—Estaré encantado de declarar sobre el impacto de las medidas de seguridad ya existentes —afirmó Ryton—. Hemos tenido que incrementar los precios un mil por ciento, sólo para quedar en la misma situación que antes de Groenlandia. Estoy seguro de que si preguntan a mis competidores norteamericanos, comprobarán que les sucede lo mismo. Quizá al contribuyente le interesará saber cuánto les cuesta el consuelo psicológico de estos sistemas superfluos.
—¿De modo que usted opina que estas normativas de seguridad son innecesarias?
—Algunas de ellas, sí.
Michael sintió una oleada de respeto hacia su padre al ver que se mantenía firme.
—¿Y usted? ¿Cuál es su opinión?
—Estoy de acuerdo con mi padre. Es evidente que las normas fueron una concesión para tranquilizar a los críticos tras el accidente de Groenlandia, pero, con franqueza, son una pérdida de tiempo y de dinero de los contribuyentes. Más aún, en realidad no hacen al sistema más seguro de lo que ya es. Y le aseguro que lo es mucho. Hemos traído documentación sobre su grado de seguridad, antes incluso de añadir las últimas especificaciones.
Michael sacó del bolsillo un paquete de memoria y se lo tendió a Jacobsen. La senadora suspiró.
—Es usted tan convincente como su padre. Está bien, señores. No prometo ningún milagro, pero déjenme ver qué puedo hacer.
—Nos gustaría tener noticia de la votación, senadora. —James Ryton se puso en pie.
—Mi ayudante, Andrea, se pondrá en contacto con ustedes.
Michael estrechó otra vez la mano de la senadora y abandonó el despacho sintiéndose relajado, casi jubiloso. La atractiva pelirroja ayudante de Jacobsen le hizo un signo de complicidad con el pulgar hacia arriba cuando pasó junto a su mesa, e incluso su padre la saludó con un gesto de cabeza.
De modo que aquélla era la famosa Eleanor Jacobsen. Bien, desde luego hacía honor a su leyenda: aguda, inteligente y llena de astucia política. La mutante adecuada en el lugar preciso. Michael se sintió impaciente por contarle a Kelly lo sucedido.
5
La lanzadera nocturna avanzó en silencio sobre las nubes. En realidad, por encima de la atmósfera. Un vuelo que antes duraba toda una noche se había reducido a media hora gracias a la lanzadora intercontinental. «Apenas le da tiempo a una de abrir la pantalla portátil», pensó Andie. Mirando por la ventanilla, contempló la oscura extensión de espacio tachonado de estrellas.

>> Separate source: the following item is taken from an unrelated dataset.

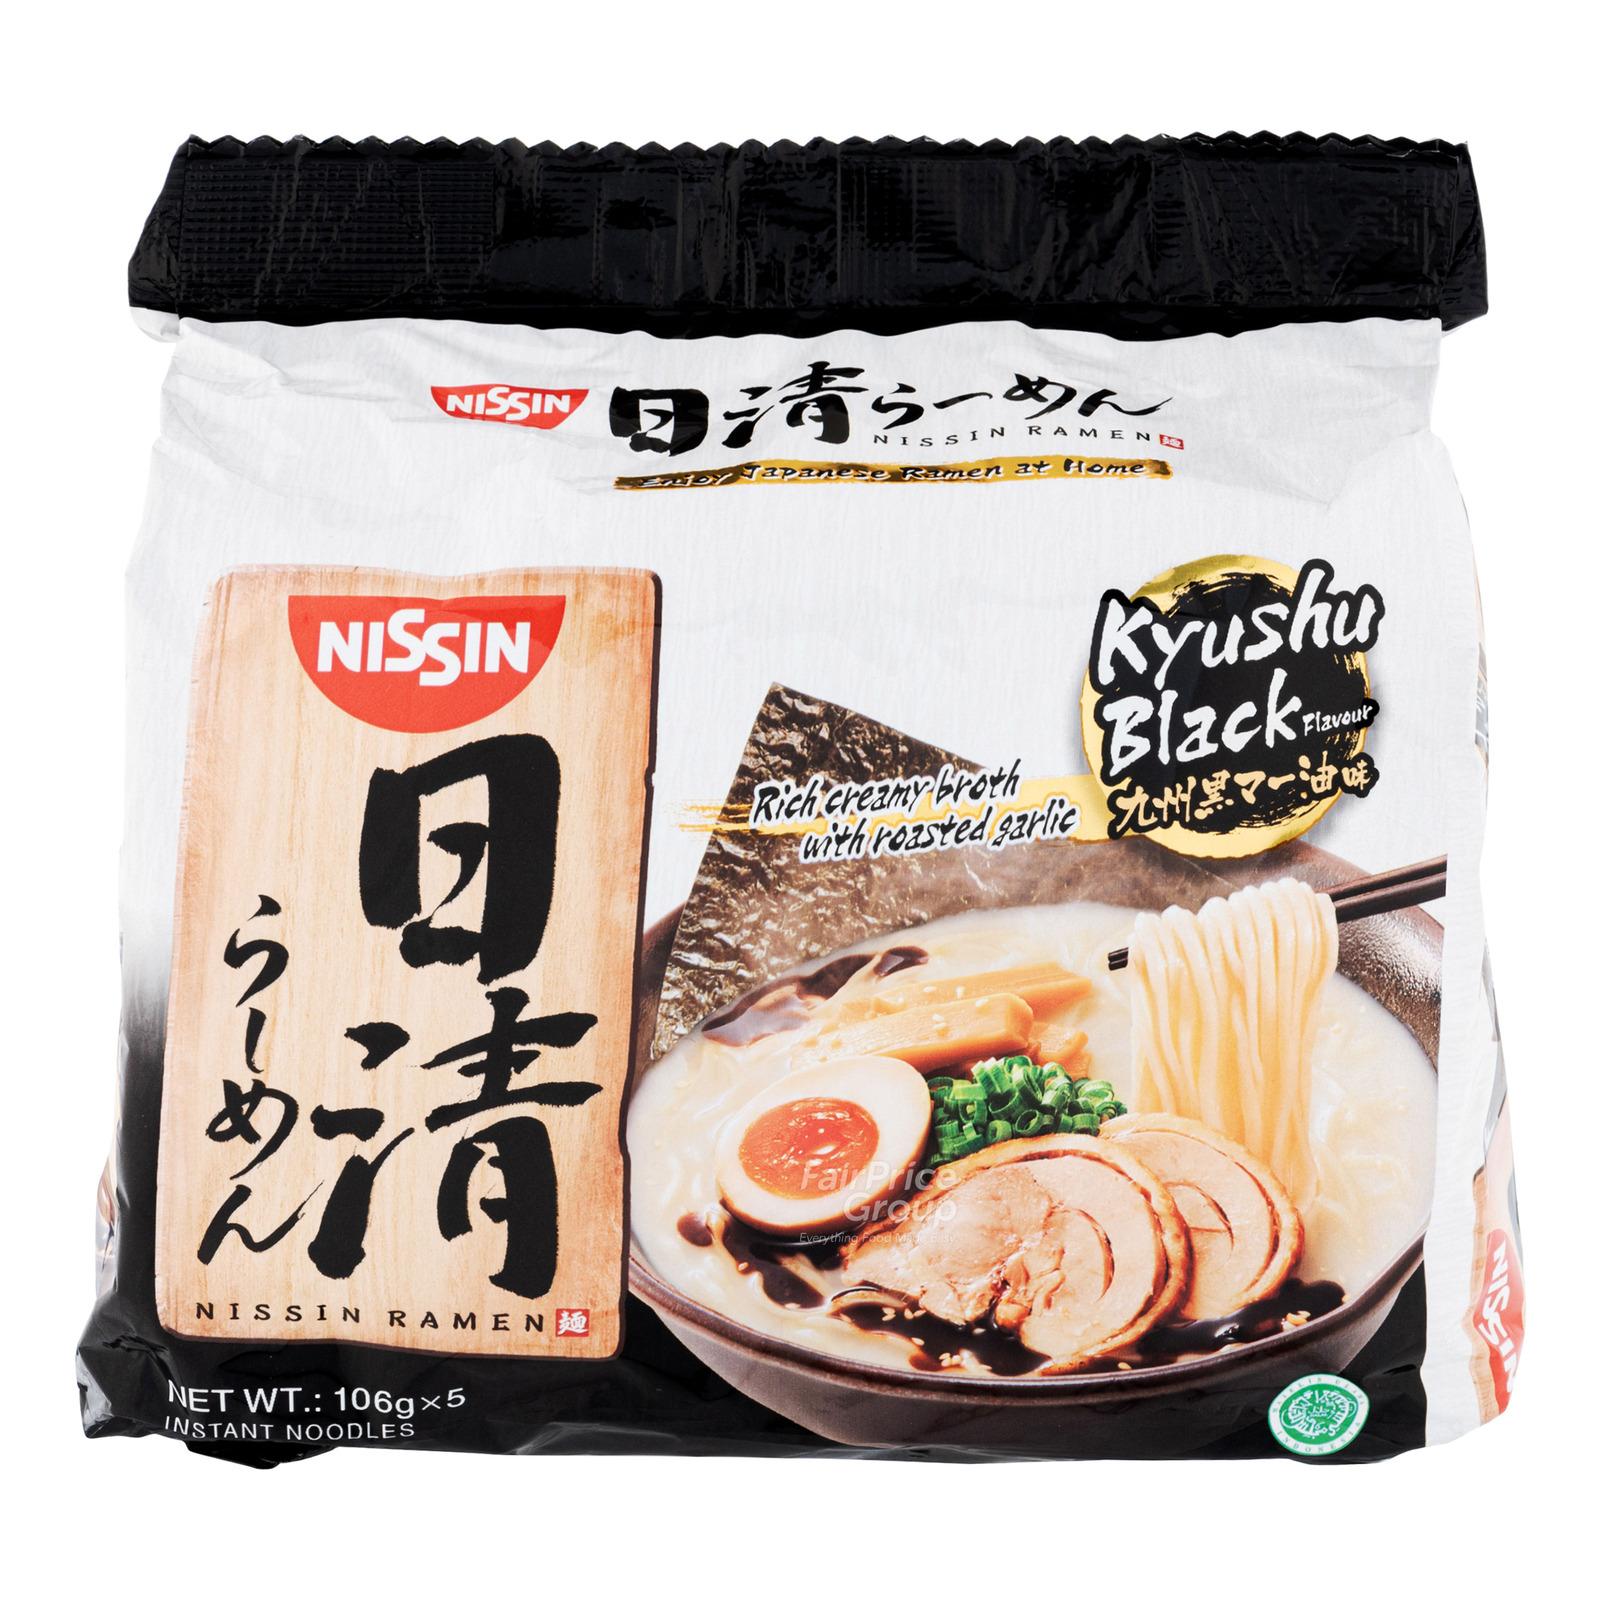 Nissin Instant Japanese Ramen - Kyushu Black

Abajo, la esfera azul de la Tierra dormía bajo la cubierta de nubes como una gran canica. La luna, una luz amiga en la noche, titilaba en el horizonte, redonda y plateada. Andie se preguntó por un instante cómo sería la vida en la superficie del árido satélite, en una planicie reverberante y sin aire, bajo cúpulas, extendiendo lenta y dolorosamente la colonización con la certeza de que la siguiente generación heredaría y disfrutaría del trabajo que ahora realizaban. Andie no había estado nunca en la Estación Luna. Todavía. En cuanto a la Base Marte, esperaba poder verla tan pronto como estuviera terminada. Ella nunca podría vivir fuera de la Tierra, pero le encantaría hacer una visita.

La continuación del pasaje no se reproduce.